There are two considerations to note about pinned tiles from a push dataset:
- Pinning an entire report using the pin live page option will not result in the data automatically being updated.
- Once a visual is pinned to a dashboard, you can use Q&A to ask questions of the push dataset in natural language. Once you make a Q&A query, you can pin the resulting visual back to the dashboard, and that dashboard will also update in real-time.
With a streaming dataset, data is also pushed into the Power BI service, with an important difference: Power BI only stores the data into a temporary cache, which quickly expires. The temporary cache is only used to display visuals which have some transient sense of history, such as a line chart that has a time window of one hour.
With a streaming dataset, there is no underlying database, so you cannot build report visuals using the data that flows in from the stream. As such, you cannot make use of report functionality such as filtering, custom visuals, and other report functions.
The only way to visualize a streaming dataset is to add a tile and use the streaming dataset as a custom streaming data data source. The custom streaming tiles that are based on a streaming dataset are optimized for quickly displaying real-time data. There is very little latency between when the data is pushed into the Power BI service and when the visual is updated, since there’s no need for the data to be entered into or read from a database.

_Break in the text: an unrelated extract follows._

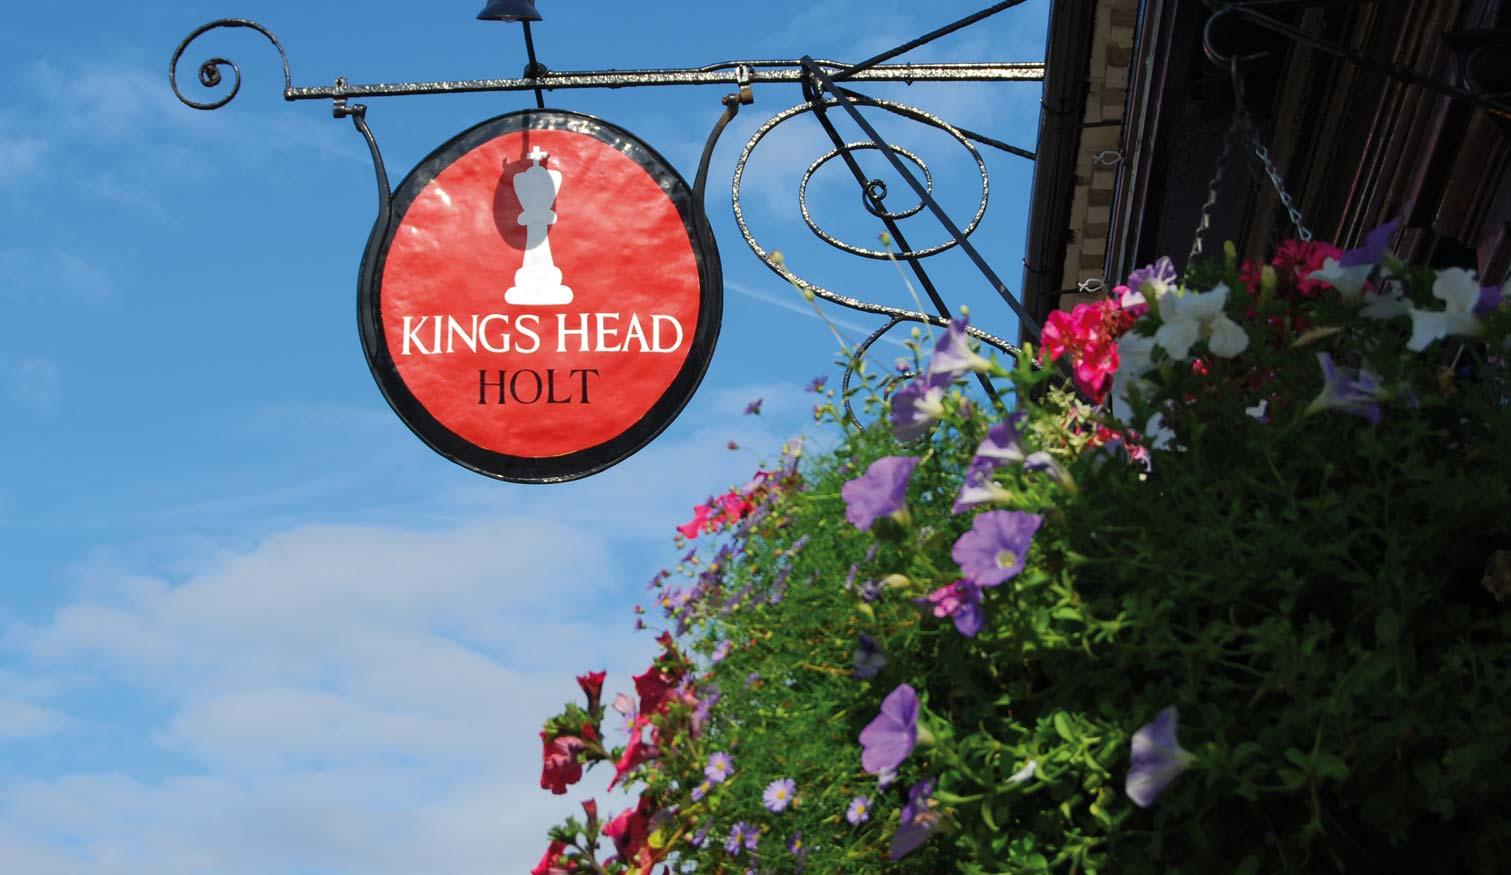 King's Head, Holt

In practice, streaming datasets and their accompanying streaming visuals are best used in situations when it is critical to minimize the latency between when data is pushed and when it is visualized. In addition, it's best practice to have the data pushed in a format that can be visualized as-is, without any additional aggregations. Examples of data that's ready as-is include temperatures, and pre-calculated averages.
PubNub streaming dataset
With a PubNub streaming dataset, the Power BI web client uses the PubNub SDK to read an existing PubNub data stream, and no data is stored by the Power BI service.
As with the streaming dataset, with the PubNub streaming dataset there is no underlying database in Power BI, so you cannot build report visuals against the data that flows in, and cannot take advantage of report functionality such as filtering, custom visuals, and so on. As such, the PubNub streaming dataset can also only be visualized by adding a tile to the dashboard, and configuring a PubNub data stream as the source.
Tiles based on a PubNub streaming dataset are optimized for quickly displaying real-time data. Since Power BI is directly connected to the PubNub data stream, there is very little latency between when the data is pushed into the Power BI service and when the visual is updated.
Streaming dataset matrix
The following table (or matrix, if you like) describes the three types of datasets for real-time streaming, and lists capabilities and limitations of each.
See this article for information on Push limits on how much data can be pushed in.
Pushing data to datasets
The previous section described the three primary types of real-time datasets you can use in real-time streaming, and how they differ. This section describes how to create and push data into those datasets.
There are three primary ways you can push data into a dataset:
- Using the Power BI REST APIs
- Using the Streaming Dataset UI
- Using Azure Stream Analytics
Let's take a look at each of those approaches in turn.
Using Power BI REST APIs to push data
Power BI REST APIs can be used to create and send data to push datasets and to streaming datasets. When you create a dataset using Power BI REST APIs, the defaultMode flag specifies whether the dataset is push or streaming. If no defaultMode flag is set, the dataset defaults to a push dataset.
If the defaultMode value is set to pushStreaming, the dataset is both a push and streaming dataset, providing the benefits of both dataset types.
When using datasets with the defaultMode flag set to pushStreaming, if a request exceeds the 15Kb size restriction for a streaming dataset, but is less than the 16MB size restriction of a push dataset, the request will succeed and the data will be updated in the push dataset. However, any streaming tiles will temporarily fail.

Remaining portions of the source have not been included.